Start of Block
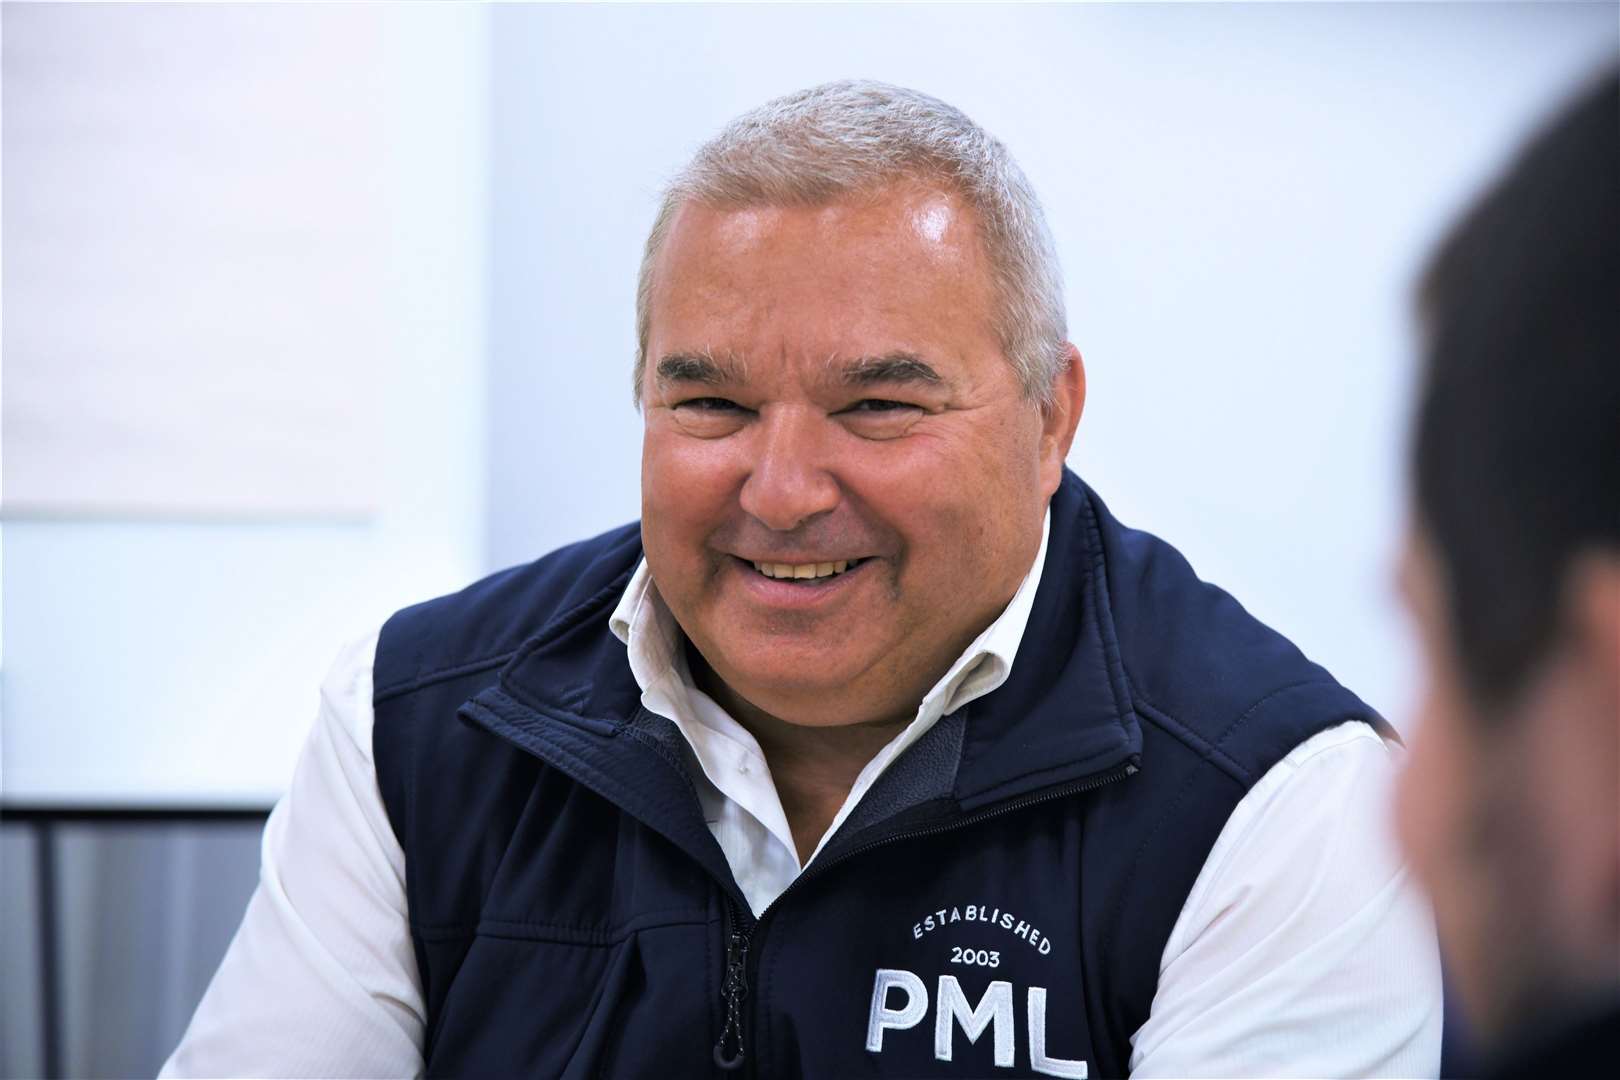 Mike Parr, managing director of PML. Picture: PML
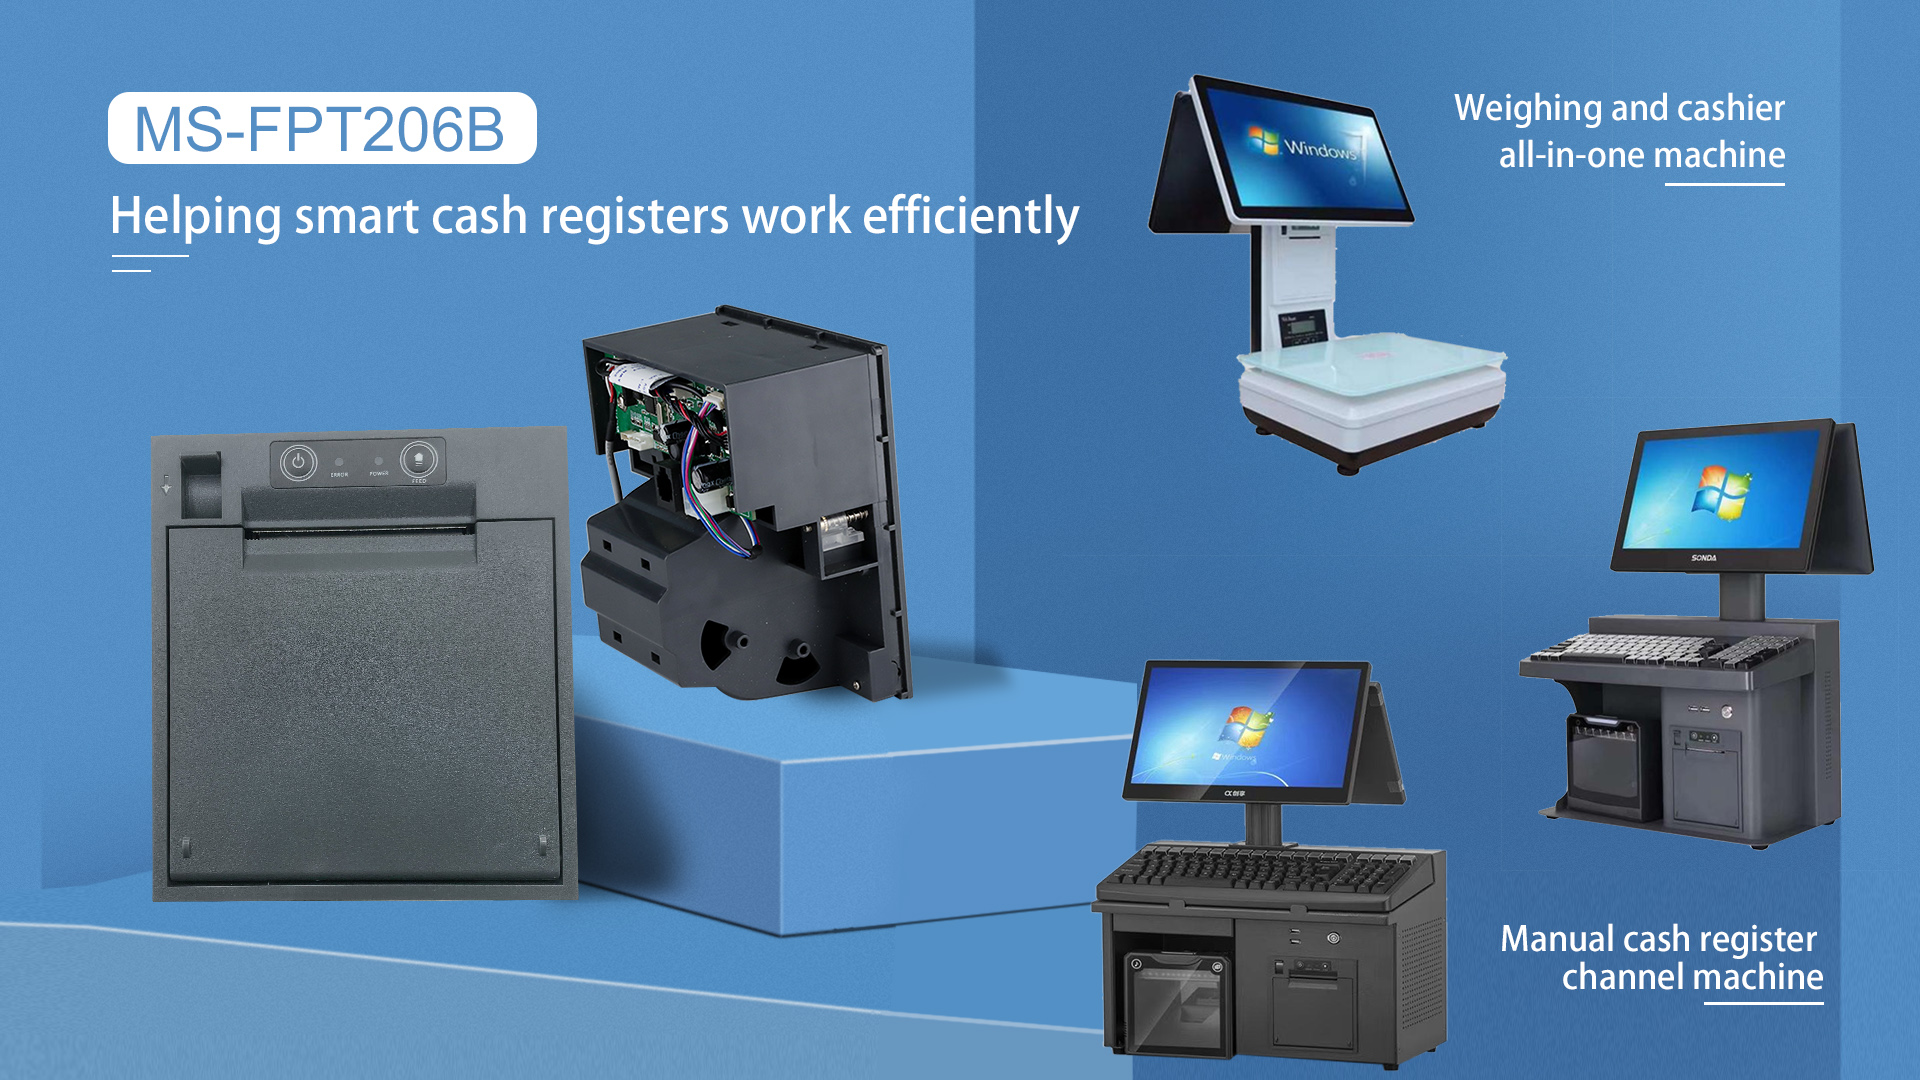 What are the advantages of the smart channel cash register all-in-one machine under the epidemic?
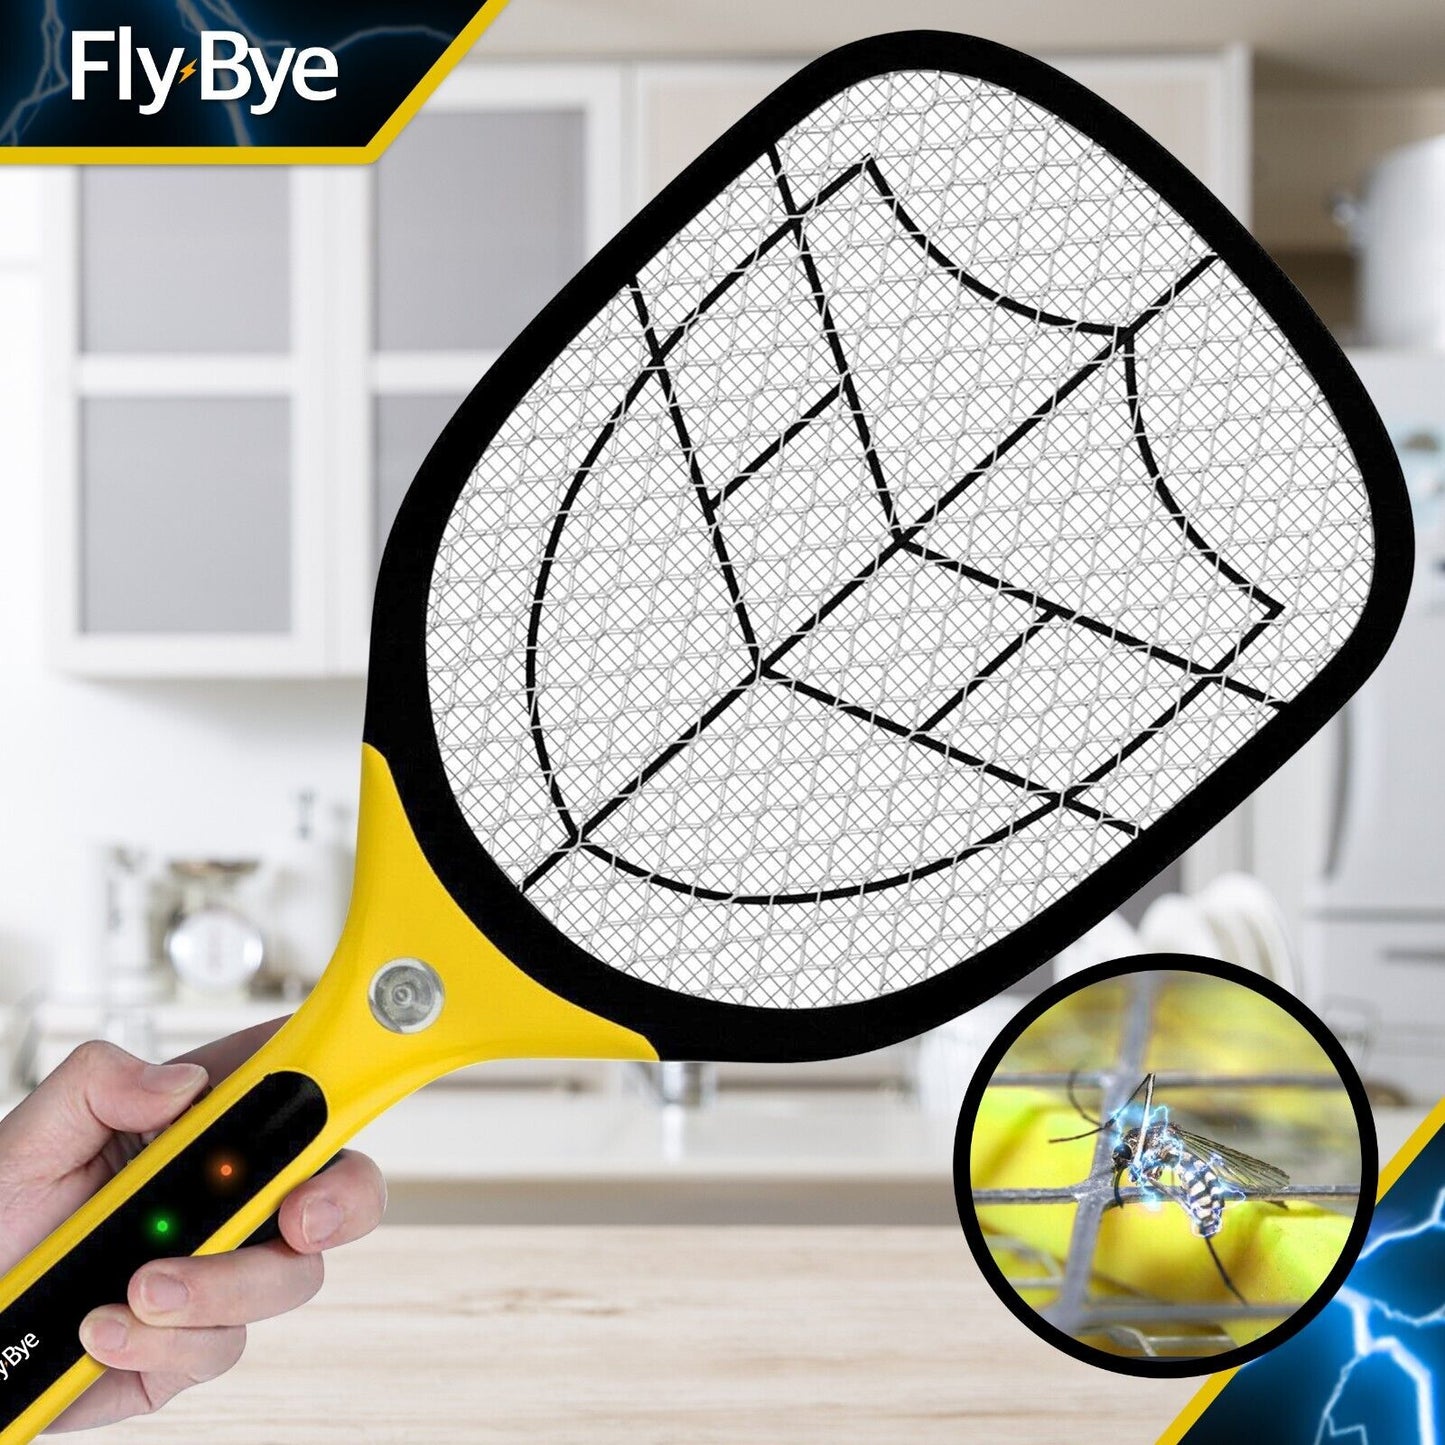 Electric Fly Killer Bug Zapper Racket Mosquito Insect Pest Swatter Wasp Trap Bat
End of Block
*REQUIREMENT*. Print all of the data exactly, and do not carry over any pictures.

*EXERCISE ANSWER*.
 Mike Parr, managing director of PML. Picture: PML
 What are the advantages of the smart channel cash register all-in-one machine under the epidemic?
 Electric Fly Killer Bug Zapper Racket Mosquito Insect Pest Swatter Wasp Trap Bat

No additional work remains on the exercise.